Accelerated Bridge Construction University Transportation Center (ABC-UTC), FHWA

KEYWORDS

Bridge decks, Bridge design, Retrofitting, Service life, Ultra high performance concrete (UHPC)

Project description

Design for service life rather than just for strength against potential overload and fatigue failure is becoming a more common consideration for bridges. One aspect of design, and often bridge retrofit, with potential for a large impact is minimizing the number of transverse deck joints. Bridge deterioration can often be traced to poor performance of these deck joints due to failure of the joint seal allowing chloride laden water onto bridge girder ends, bearings, and substructure elements. Using link slabs over the piers allows for eliminating some interior joints and moving expansion joints to the end of the bridge while still maintaining typical bridge behavior.

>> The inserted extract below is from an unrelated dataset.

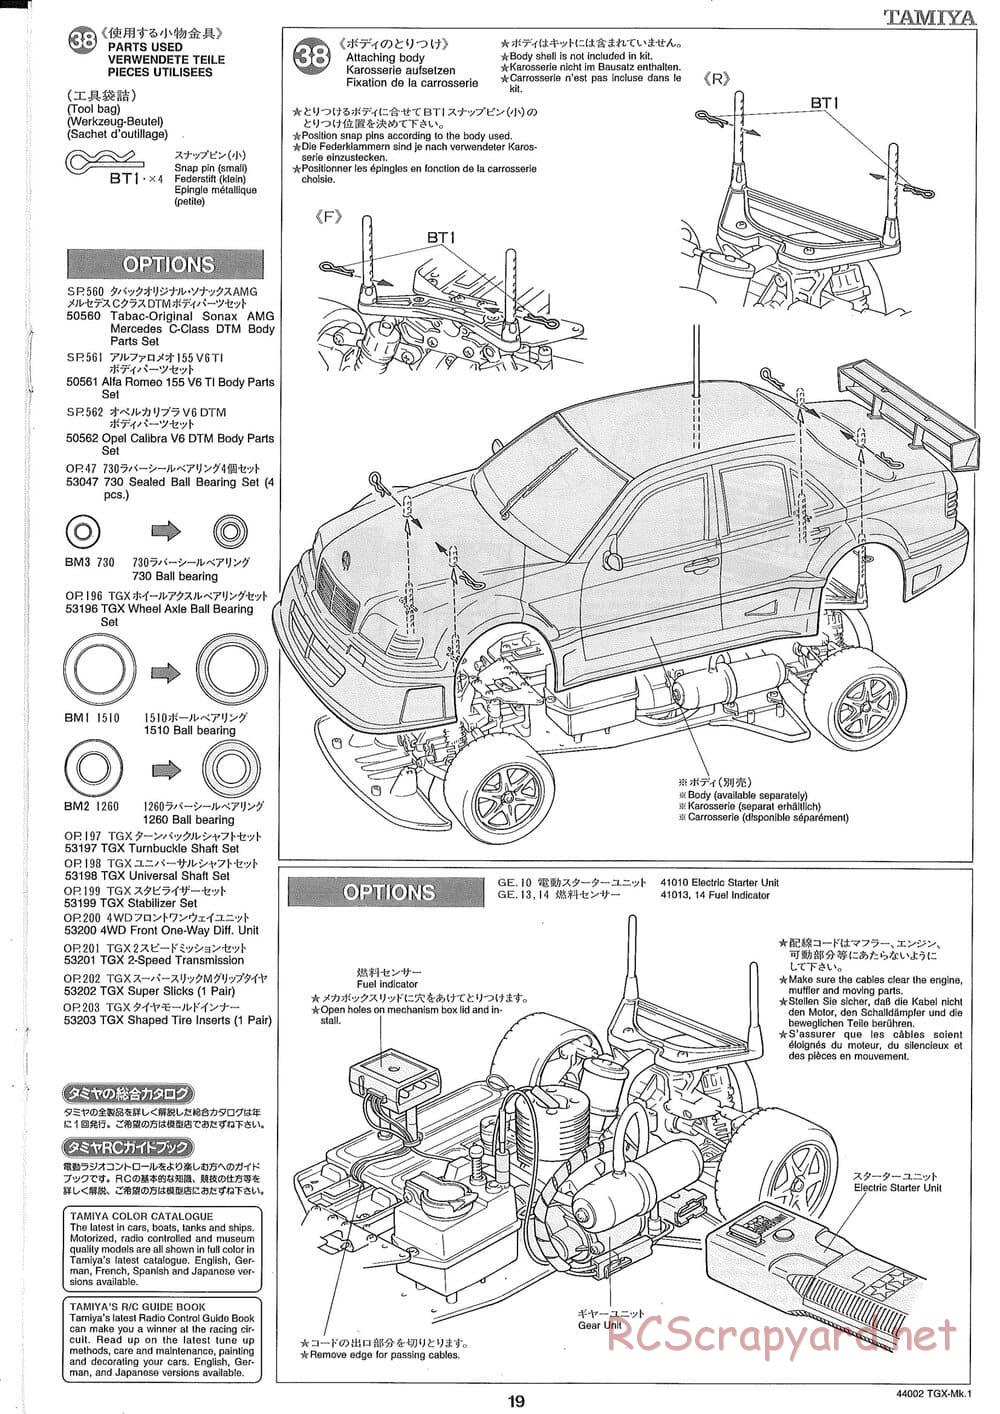 Tamiya - TGX Mk.1 TS Chassis Chassis - Manual - Page 19

Link slabs allow the simply supported behavior expected for many bridges, yet still transmit deformations and forces to expansion joints and reduce potential penetrations in the bridge deck. Advanced materials, such as ultra-high performance concrete (UHPC) can simplify link slab details and substantially improve their durability. UHPC link slabs are specifically relevant to accelerating bridge retrofit in that the short required debonded lengths can significantly reduce the required amount of demolition and the overall time required for the project. Debonded lengths for UHPC link slabs can be as small as 16 in. compared to several feet for conventional construction. While the concrete in the immediate area of the joint may be deteriorated and can be removed quickly, concrete further from the joint will often be sound and take substantial time and labor to remove. The hairline distributed cracks that form in a UHPC link slab limit pathways for water to penetrate to the bridge girders and substructure, and UHPC itself is inherently more durable than conventional concrete due to its very low permeability.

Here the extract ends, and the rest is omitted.